It is an enduring myth of the Enlightenment that humans are rational creatures, seeking their enlightened self-interest based on the evidence of their senses. While reason has proven a powerful tool in science and technological advances, in the realm of other human endeavours, it has revealed considerable weaknesses. Emotion, instinct, gut feelings have all proven more powerful from time-to-time leading decisions which evidence and reason could never support but which we somehow justify. We are, it seems, the rationalizing animal.
This is not a criticism of my fellow beings. I am as prone to these things as anyone else and if I fall into the trap less often, I can only thank those people who taught me to question everything, including my own conclusions, with a critical mind. I don’t always get it right.
It would be a disaster if we were to accept, as some polemicists would urge us to do, to abandon reason and evidence as the guiding principle of both our public and private lives. We would succumb quickly to the loudest voices, to the popular will, which, in retrospect, is so often not merely misguided but incredibly harmful.
The recent conflict between the Truck Convoy (I will neither use their self-congratulatory name or the derisive ones used against them) and the government is a case of point. The people who occupied Ottawa and their supporters in Canada and abroad seem to believe they are being oppressed. They also seemed to believe their non-evidence-based “science” was accurate and that people who actually do science were wrong. They also believed a lot of things that could easily be shown to be false.
But not to them. They were emotionally and psychologically committed to their beliefs and those who attempted to question them or even asked the protesters to clarify what they meant by words such as “freedom” or “oppression” were met with howls of rage and abuse and in some cases, assaults. Reason is a limited tool against rage. Evidence has little impact on emotion.
What are we, those of us for whom the balance tips toward reasoned debate and away from emotional diatribes, to do?
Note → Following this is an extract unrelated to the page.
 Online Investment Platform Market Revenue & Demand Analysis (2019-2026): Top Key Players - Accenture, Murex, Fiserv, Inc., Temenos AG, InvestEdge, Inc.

Engagement and persuasion can be tried but only by those with deep stores of patience and specific skills; most of us soon fall into the trap of anger and invective. Our rage confirms the validity of theirs. Everything devolves into us versus them.
Of course, there were many people who could talk to the convoyeurs: people who validated their opinions, grievances and anger, often for their own benefit. As long as you confirmed their bias they seemed like gentle reasonable folk and it would be easy to be fooled into thinking they were. Certainly, I think a number of politicians were so fooled—some woke up and realized their error, but it was difficult for then to back away from their previous public displays of support. Some tried; others doubled down.
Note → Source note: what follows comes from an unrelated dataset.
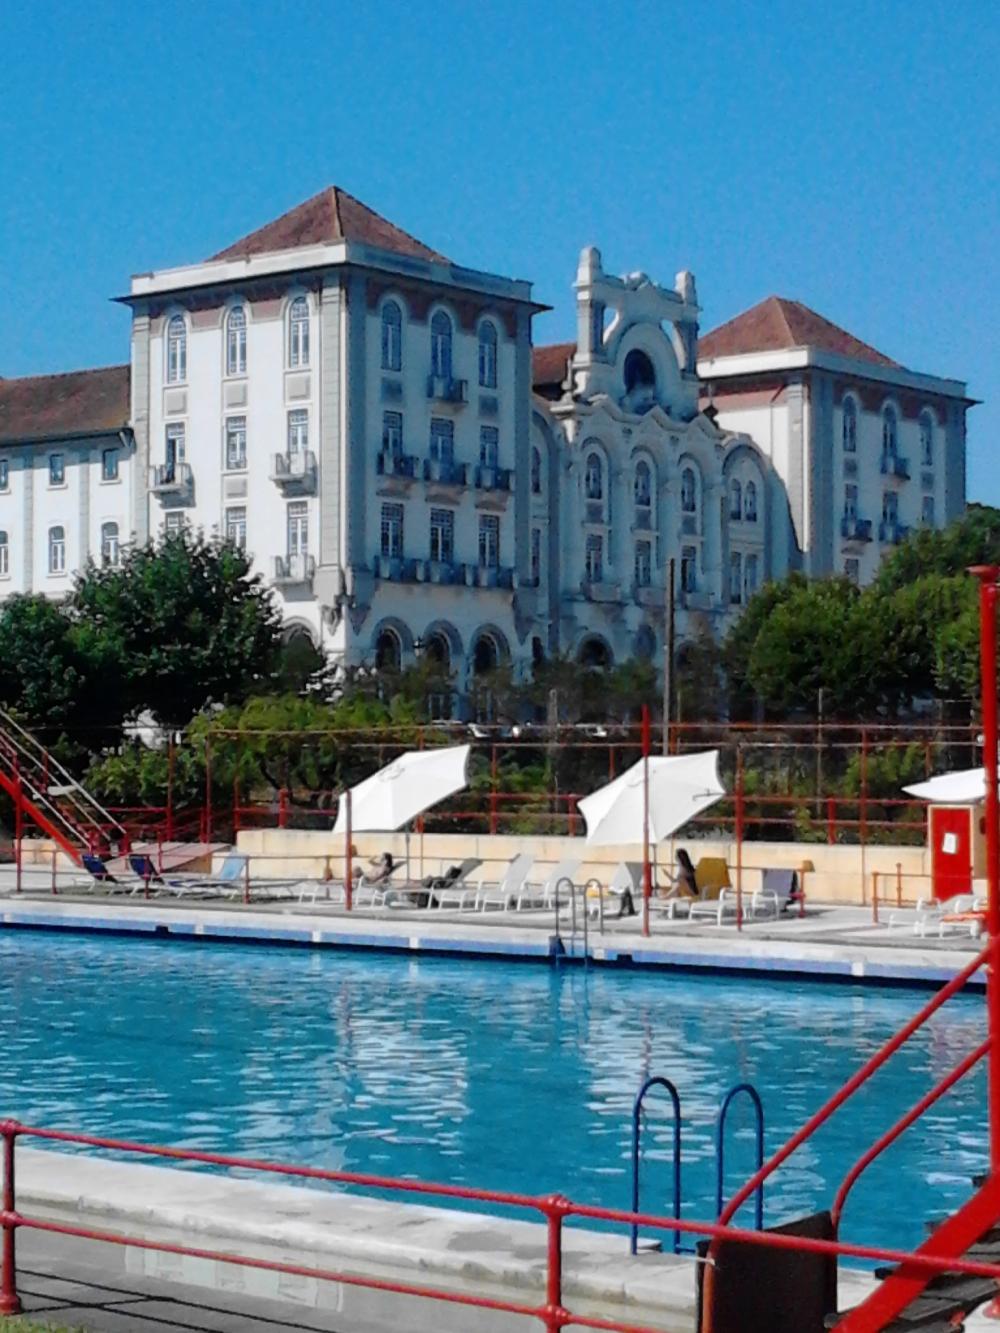 Piscina e Hotel Palace da Curia

Eventually, the government decided to rely on the one tool of reason that has an effect on everyone: the law. It was clear, to anyone who lived in Ottawa, at least, that the protesters would have never left, even after the pandemic ended and the government mandates were over. The emotions that drove the original protest had morphed into deeply held grievances that could never be assuaged. They could not and did not listen to their fellow citizens or to the politicians who had befriended them—ignoring their calls to depart. They did not listen to their own so-called leaders (leadership means little to libertarians, or, if you prefer, anarchists). They would not go until the government made them go.
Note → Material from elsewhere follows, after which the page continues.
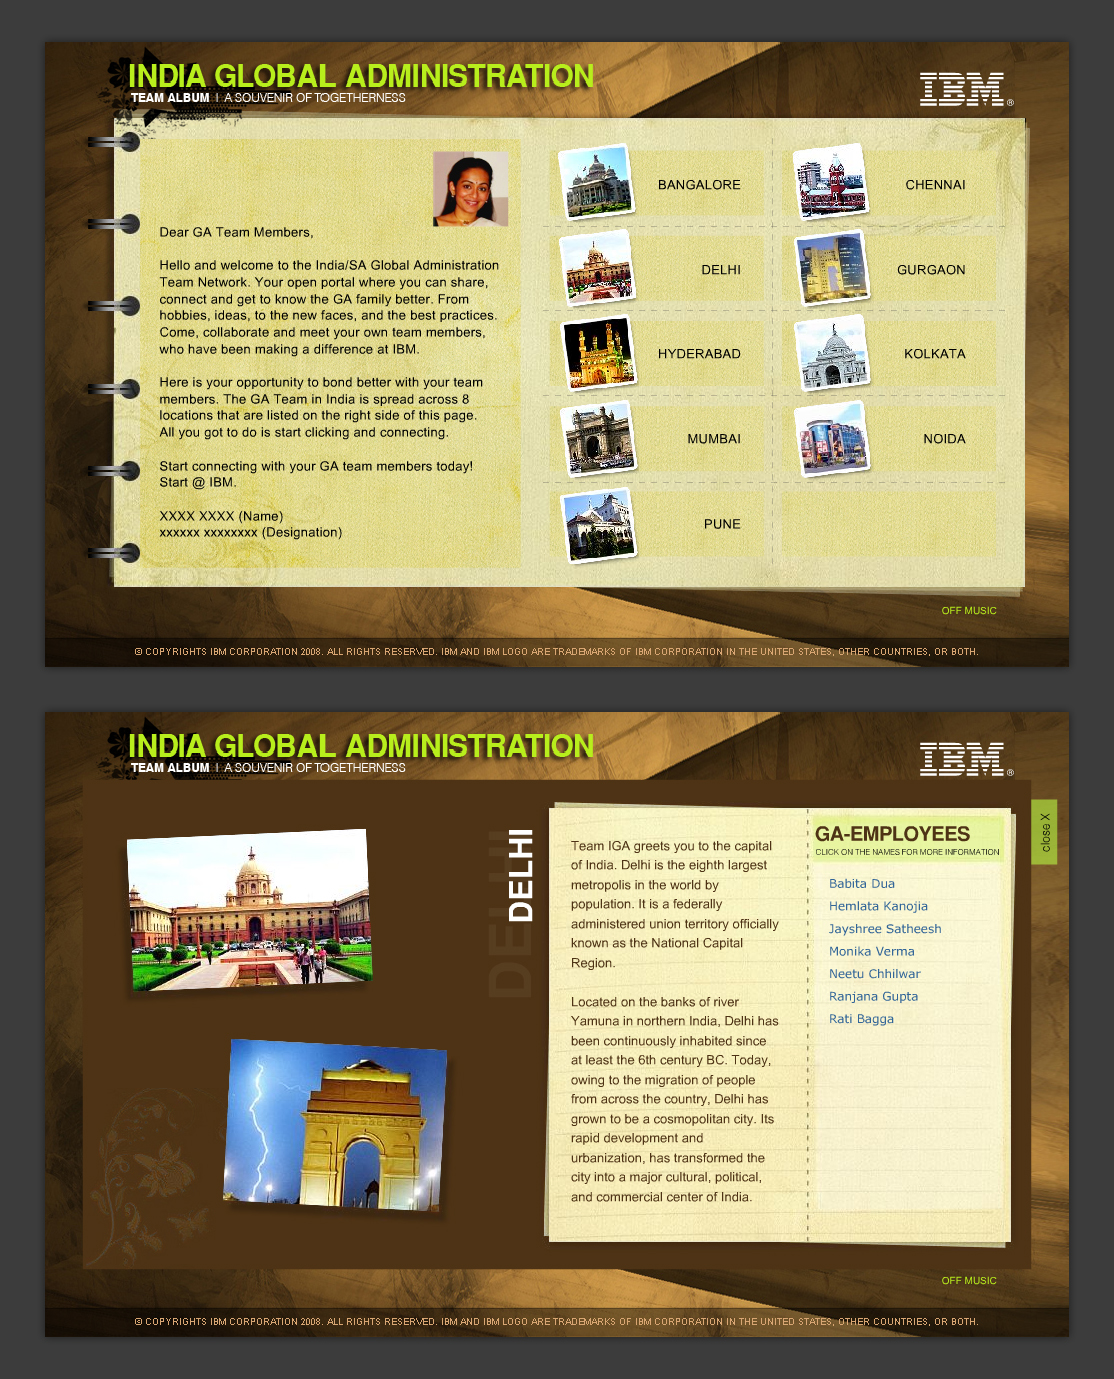 IGA Presenatation Screen Shot by pulsetemple

But they haven’t gone far. They have an agenda and it has little to do with democracy or freedom. And what can we do about that? Try to be reasonable, I guess, try to think critically, questioning everything, especially our most strongly held beliefs. Try always to be kind and do the right thing. Try to listen and persuade with reasoned argument and evidence even when it seems pointless to do so.
I’ve been wrong about things and changed my views when evidence overwhelmed me, but it was hard. Sometimes, it seems that it would be easier to just go with my gut. But then I think, my brain spews out thoughts and words—some of which have value—what my gut spews out is only good for fertilizing flowers and spreading disease. Not entirely comforting but it’s what I’ve got.